Fe2O3(s) + 2Al(s)-> 2Fe(l) + Al2O3(s)
What is the theoretical yield of iron if we begin the reaction with 10.5 g of Al (assume an excess of Fe2O3)
mols Al = grams/atomic mass = ?
Using the coefficients in the balanced equation, convert mols Al to mols Fe. That is the theoretical yield. If you want it in grams then g = mols x atomic mass.
5.6 × 102 kJ
To find the theoretical yield of iron in this reaction, you need to determine the limiting reactant first. The limiting reactant is the reactant that is completely consumed and determines the maximum amount of product that can be formed.
The balanced equation shows that the stoichiometric ratio between Fe2O3 and Al is 1:2. This means that for every 1 mole of Fe2O3, 2 moles of Al are required.

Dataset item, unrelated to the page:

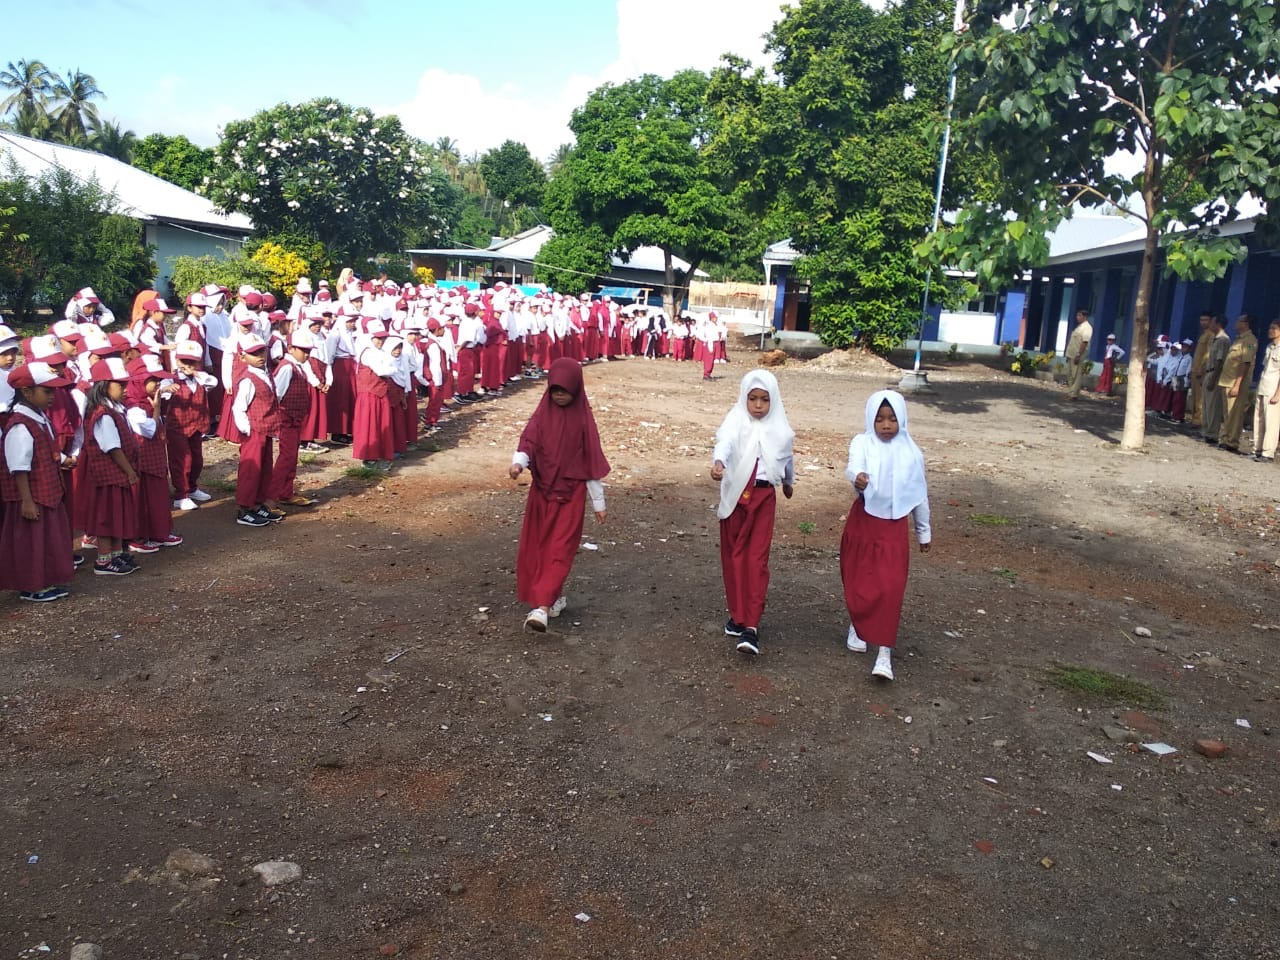 Image of school girls in uniform at a school parade
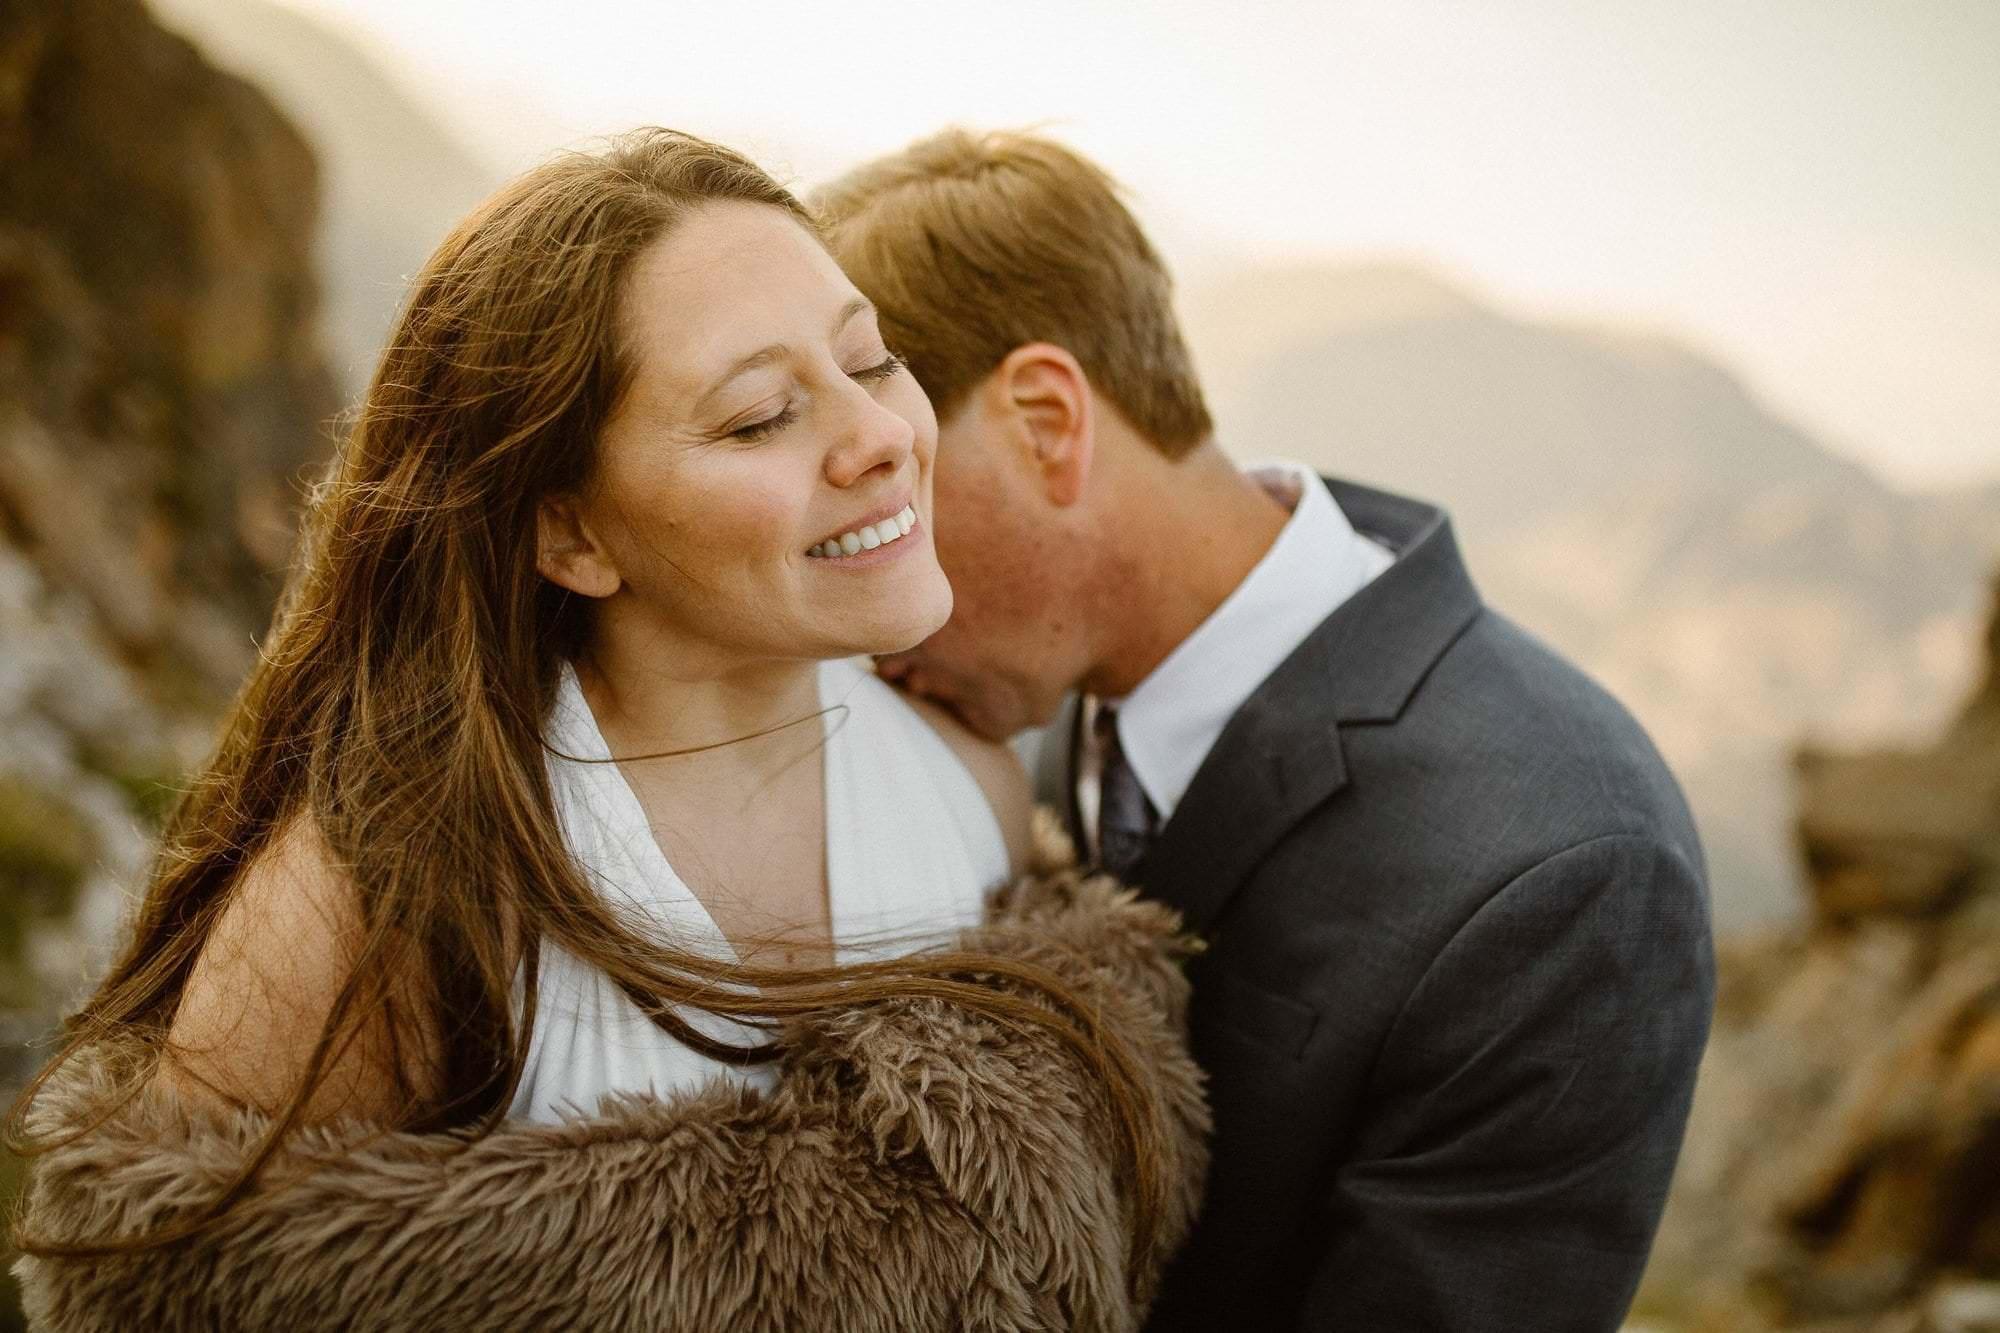 Sunrise at 1200 feet in Colorado. Colorado Intimate Weddings and Adventure Elopement Photographer | Rocky Mountain National Park Wedding Photographer | Adventure

1. Convert the mass of Al to moles:
molar mass of Al = 26.98 g/mol
moles of Al = mass of Al / molar mass of Al
moles of Al = 10.5 g / 26.98 g/mol
moles of Al ≈ 0.389 mol
2. Use the stoichiometric ratio between Fe2O3 and Al to determine the moles of Fe2O3 needed:
moles of Fe2O3 = 0.389 mol of Al × (1 mol of Fe2O3 / 2 mol of Al)
moles of Fe2O3 ≈ 0.1945 mol
Since there is an excess of Fe2O3, the moles of Fe2O3 will not be completely consumed. Therefore, the limiting reactant is Fe2O3.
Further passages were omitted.